• _REQUIRED ACTION_:
Write out the listing below in its entirety, minus the pictures, without changing a word.

• _AVAILABLE DATA_:
==============================
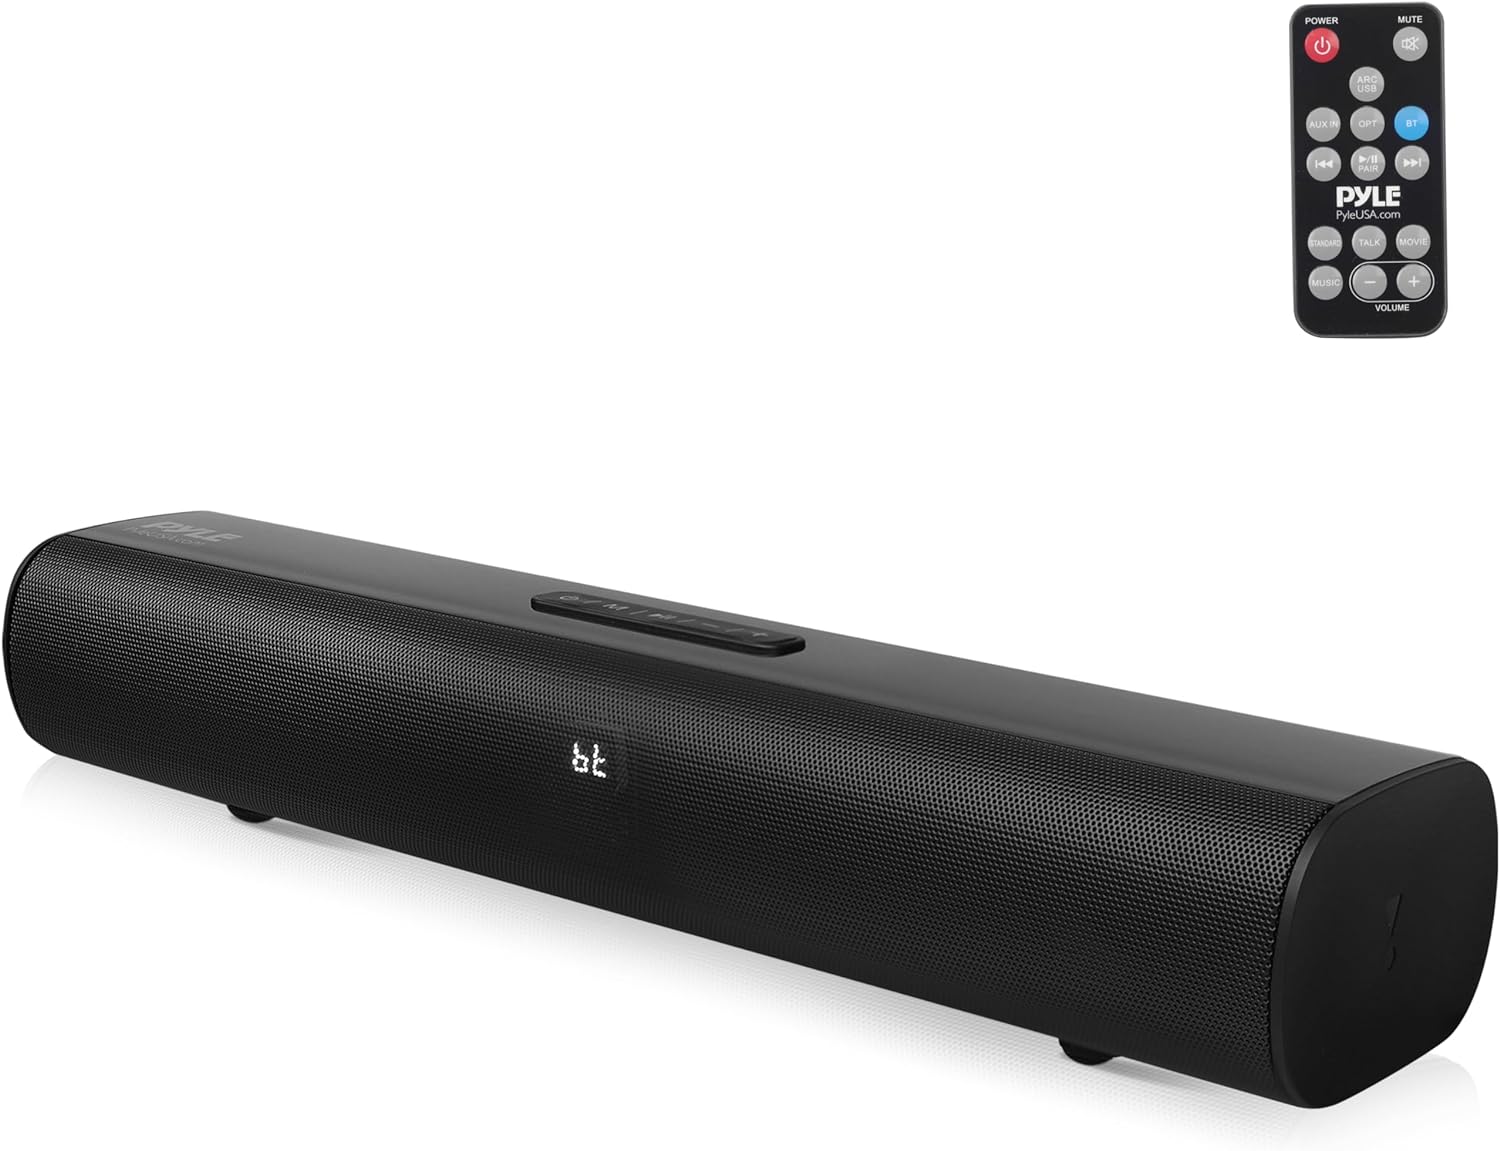 Pyle 2-Channel Tabletop Soundbar Digital Speaker System Review
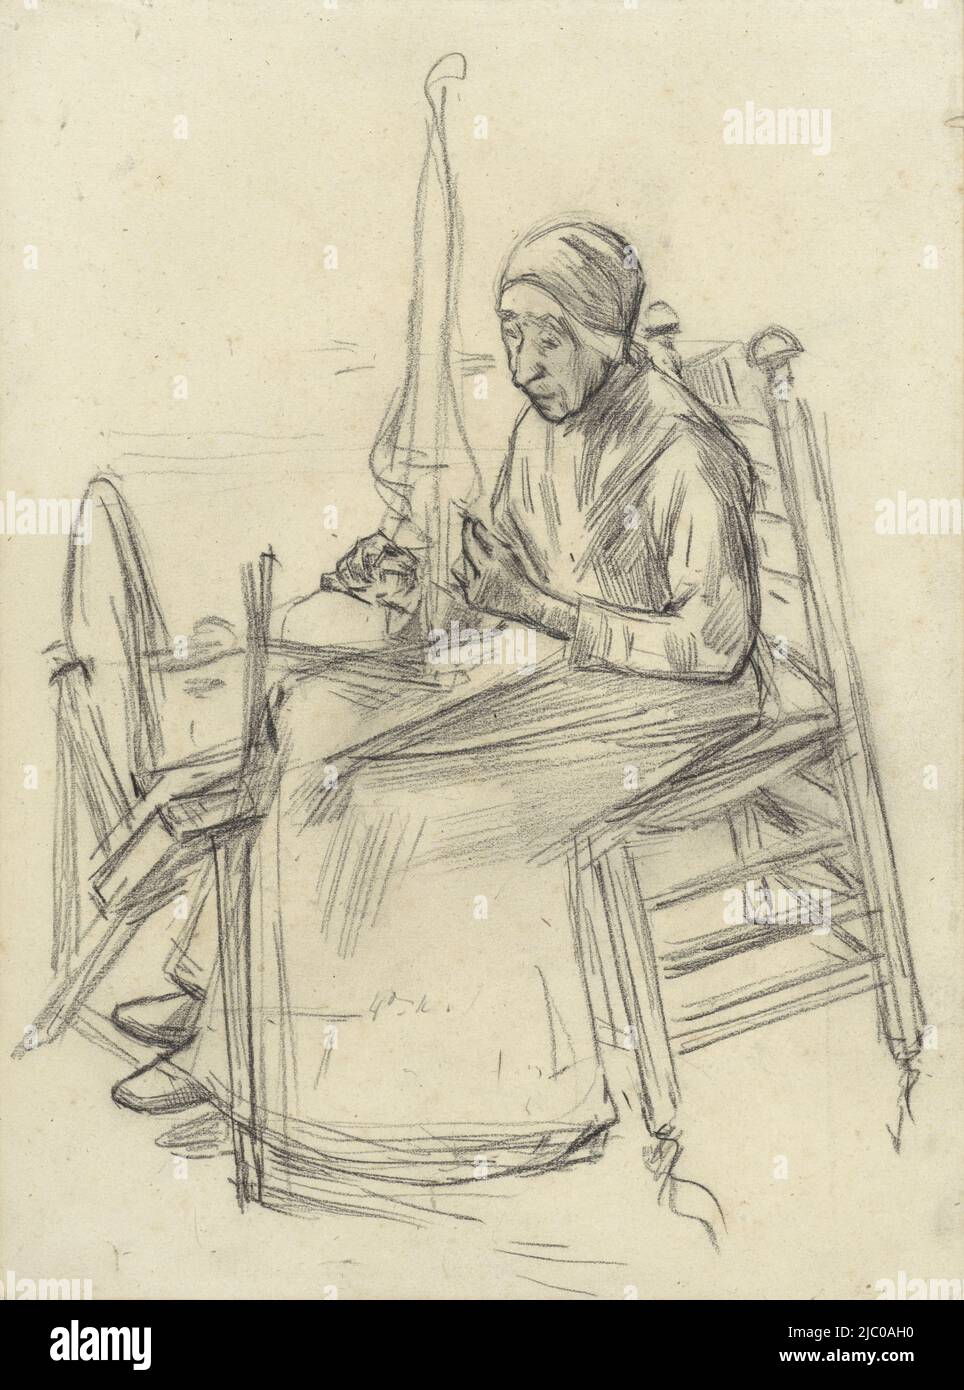 Femme à tourner, dessinateur: Anthon Gerhard Alexander van Rappard, 1868 - 1892, papier, h 307 mm × l 228 mm Banque D'Images
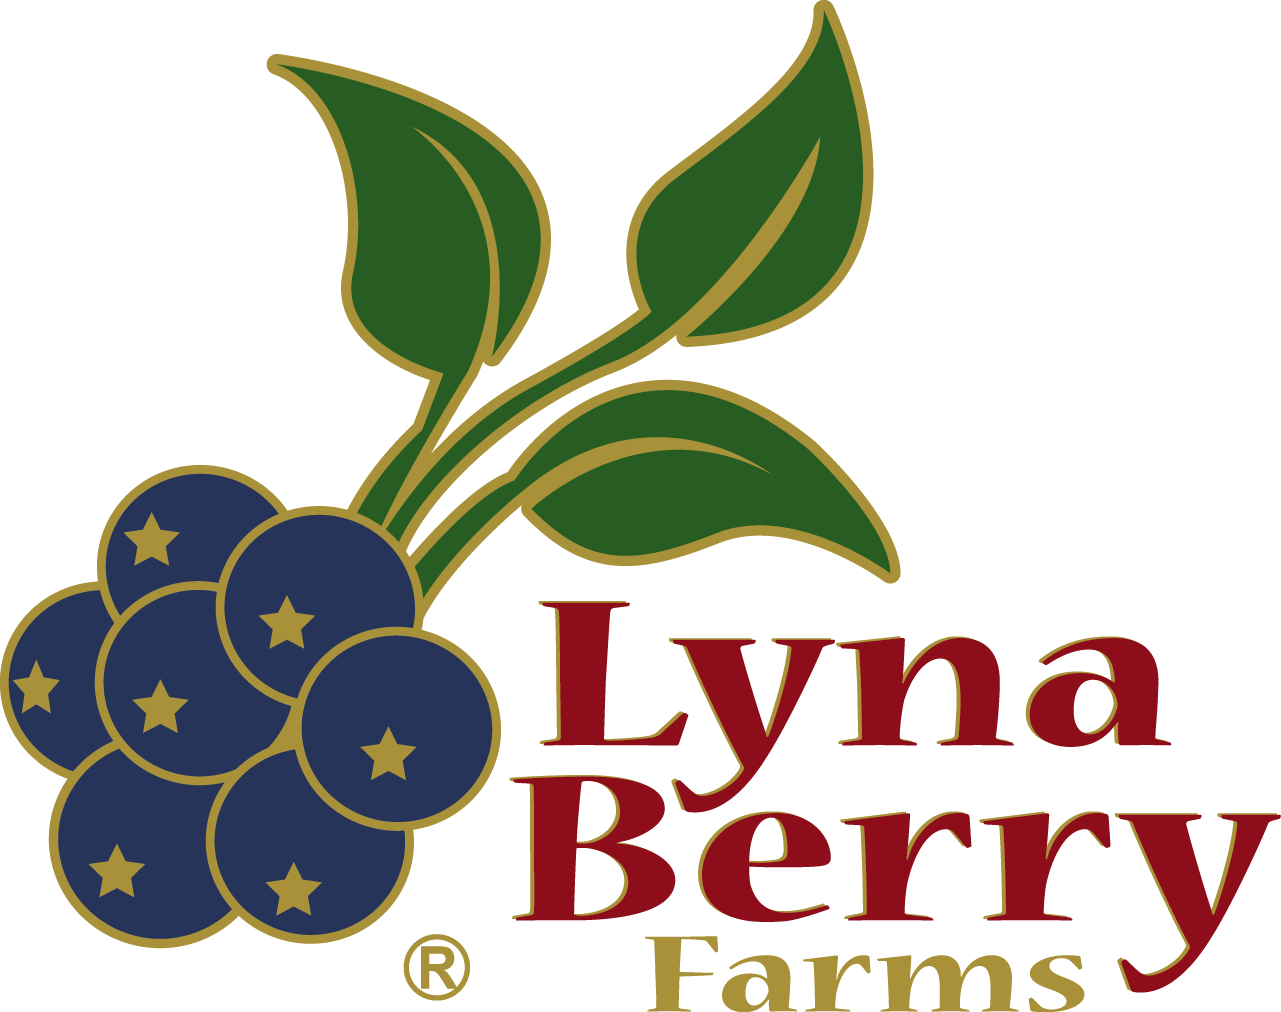 Lyna Berry Farms
==============================
• _EXERCISE RESULT_:
 Pyle 2-Channel Tabletop Soundbar Digital Speaker System Review
 Femme à tourner, dessinateur: Anthon Gerhard Alexander van Rappard, 1868 - 1892, papier, h 307 mm × l 228 mm Banque D'Images
 Lyna Berry Farms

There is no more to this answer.